Certainly Apple has a more modular and thus much lower risk platform upgrade strategy — befitting both their scrappy image and also the limited resources they had when they dug themselves out of the near-death 90s. Microsoft puts a lot of resources into really big upgrades, which may hit technical snags or even (as in the case of Vista market acceptance problems).

Apple pushes point releases about every 2 months depending on new hardware and security bugs; 10.3 made it to 10 releases (10.3.0 to 10.3.9) while 10.4 had 12 (10.4.0 to 10.4.11) Microsoft has its service packs. I don’t know enough about SPs to compare the strategy, but I think it would be worth it for any platform vendor to look further. Apple and Microsoft also release security and other bug fixes to their various applications, which also would be worth comparing.

But (in my conversation with my industry friend) what I think is really really cool is what they give away several times a year — free updates to major subsystems.. These subsystems are not only important parts of the Mac platform (most predating OS X), but also platforms in their own right. Looking at the Apple update page, it appeared that the regularly updated subsystems are (from oldest to youngest):

  • QuickTime, its multimedia (and streaming media) APIs and subsystems
  • iTunes, used to support both the iPod and iTunes [Music] Store business models
  • Safari, which is not only the Mac’s window on the Web and Web 2.0, but also an important (once only)part of the iPhone third party APIs
Interesting, all three of these are subplatforms that Apple now distributes and updates for both Mac and Windows. (Java would have made the above list, but since it’s Apple’s opening to Sun’s mythical write once run everywhere, it doesn’t fit as an Apple platform).

But what I find very interesting — if not courageous — is that APple is willing to favor subplatform success over trying to coerce primary platform updates. The latest QuickTime 7.45 release is available for 10.5, 10.4, 10.3 and Windows.

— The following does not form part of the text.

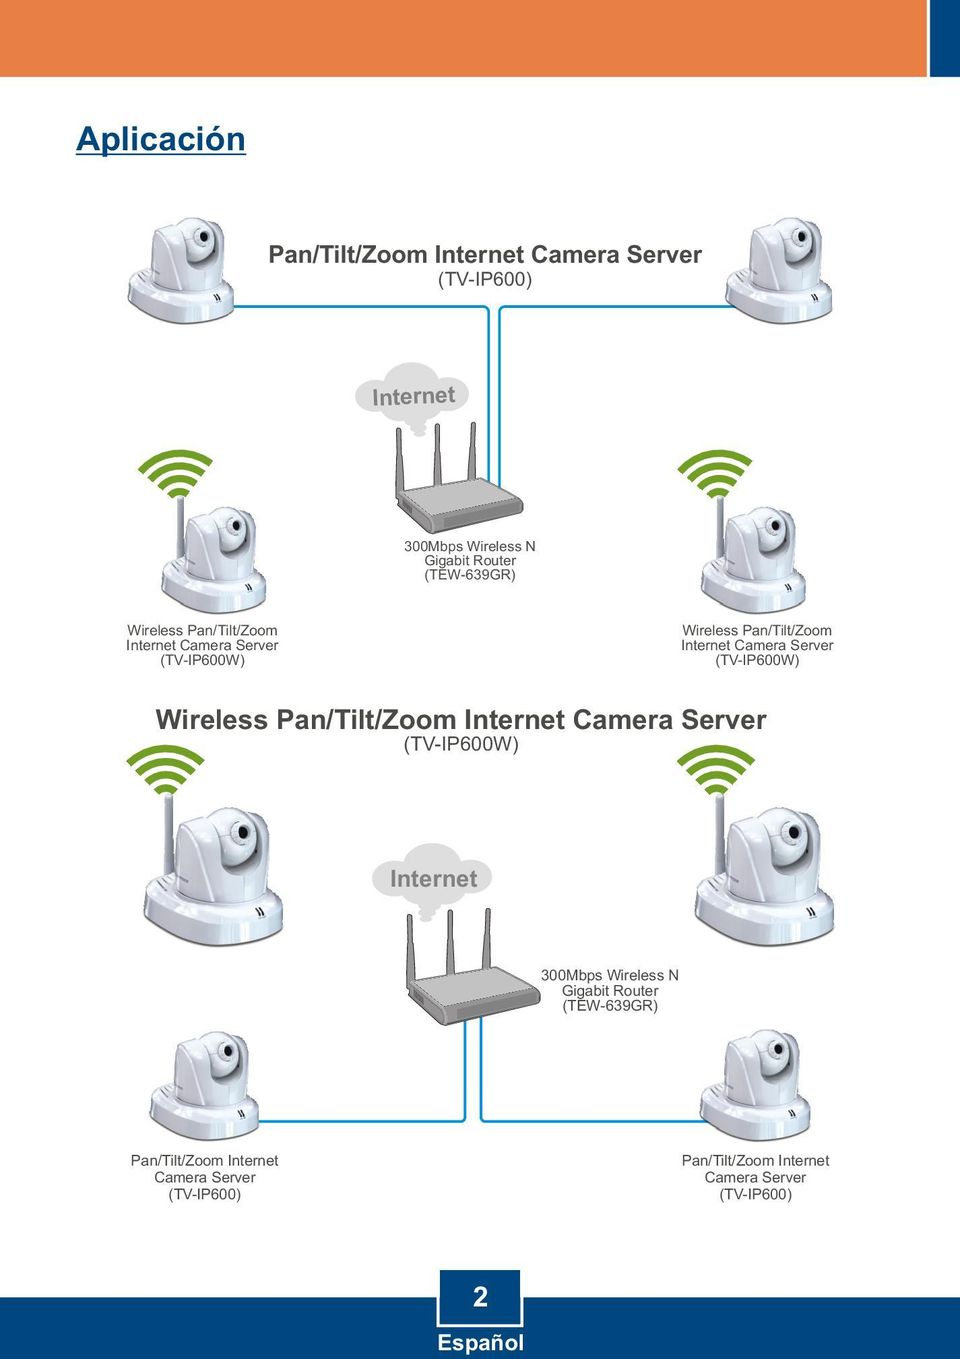 Server (TV-IP600W) Wireless Pan/Tilt/Zoom Internet Camera Server (TV-IP600W) Internet 300Mbps Wireless N
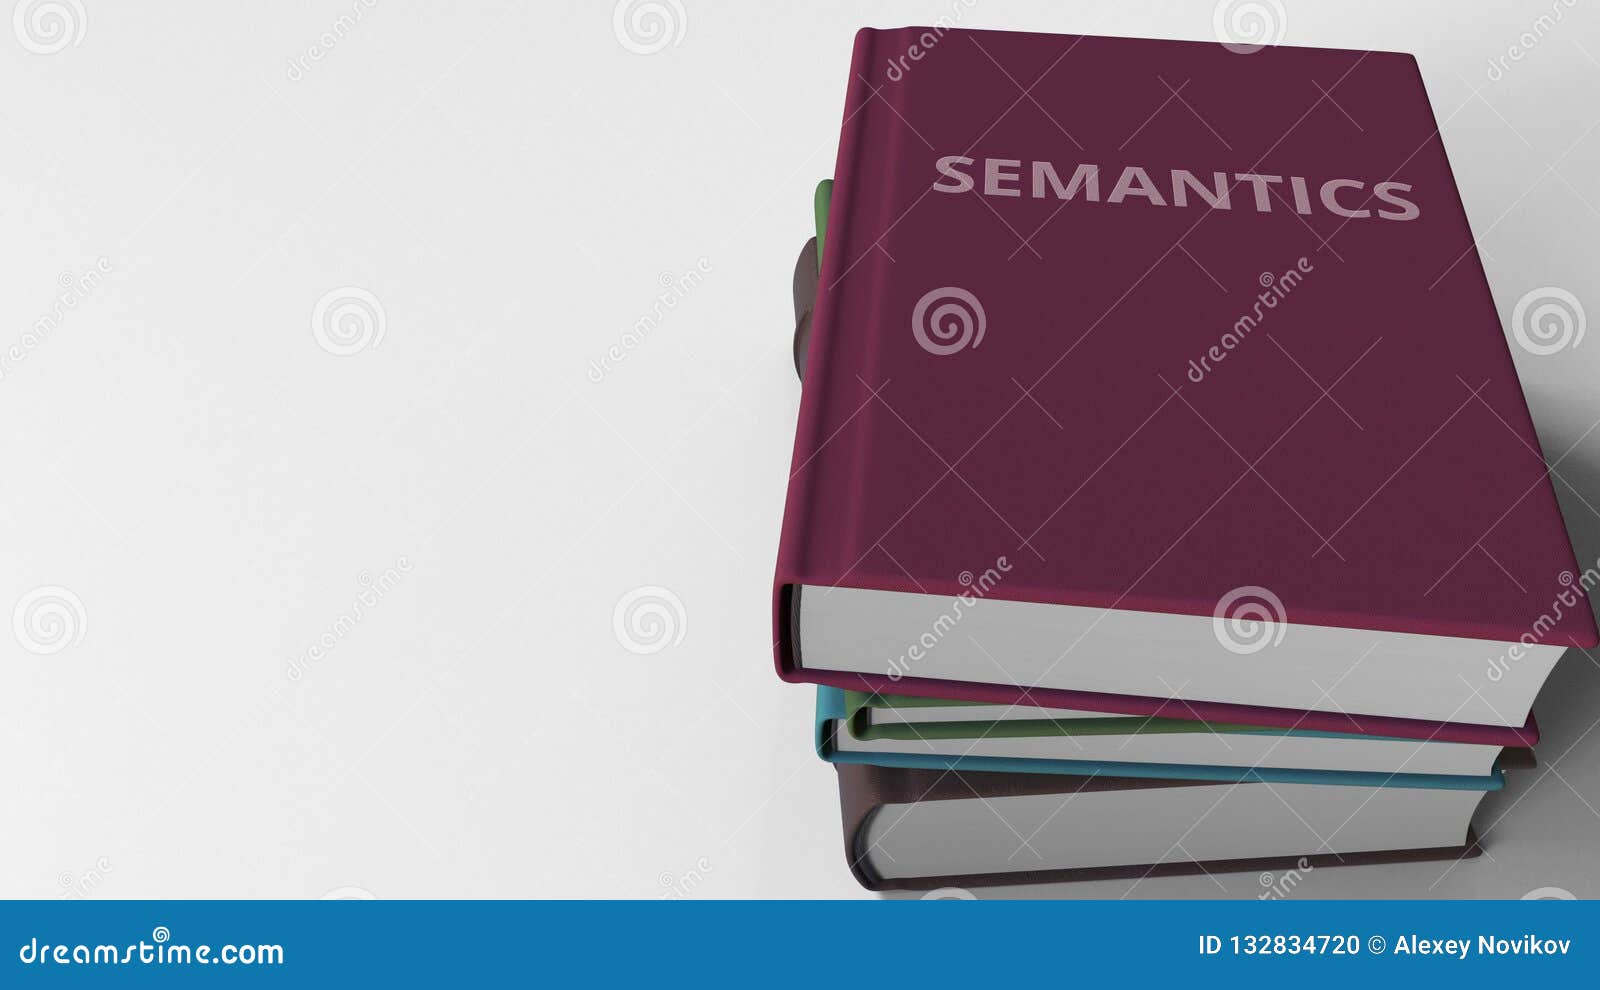 book with semantics title. 3d rendering

Since OS X came out, Apple has been really really good about supporting the N-1 OS release with most of its key applications and subplatforms. Having run R&D for our tiny software company, I know the extra testing is a real headache. But the Apple strategy has huge benefits:
  • it’s much more customer friendly — trying to support customers where they are, rather than coerce them into upgrading.
  • it’s more realistic: many individuals and organizations delay upgrading to new OS releases, either out of caution, to better coordinate upgrades across all machines at once, or just because they have better things to do with their lives.
  • the approach makes the subplatform much more successful — because it starts the adoption process of the subplatform N+1 long before adoption of updated OS has become widespread.
They can’t do everything this way. Some features will require the APIs of the new OS: for example, an occasional iTunes upgrade will require a free QuickTIme upgrade. The combinatoric problems of testing mean that not all subsystems can be tested with all other releases of the core OS, applications and subsystems.

There’s also the problem of cannibalizing the paid upgrade cycle: who’s going to pay for the cow if you give all milk away for free? One solution would be to switch to SaaS, and put the latest software into people’s hands as it becomes available.

Wherever Apple draw the line, I think it’s much more customer friendly (and aggressively making innovations available) than Microsoft. The beast of Redmond has been notorious in tying file format changes to Office updates to Windows updates. By default, it generates new incompatible files with the latest version of Office, forcing your friends and coworkers to buy the new Office. Make the new Office only run on the latest Windows, forcing people to buy the new Windows.

This model is a great way to extract rents from a monopoly franchise, but not a way to inspire customer loyalty among customers who have a choice. And perhaps, in the long run, it’s an ultimately self-defeating strategy. Certainly it’s a way to engender resentment and inspire a desire to switch to any other alternative — exactly the sort of precipitous decline that helped fuel DEC’s rapid collapse during the 1990s.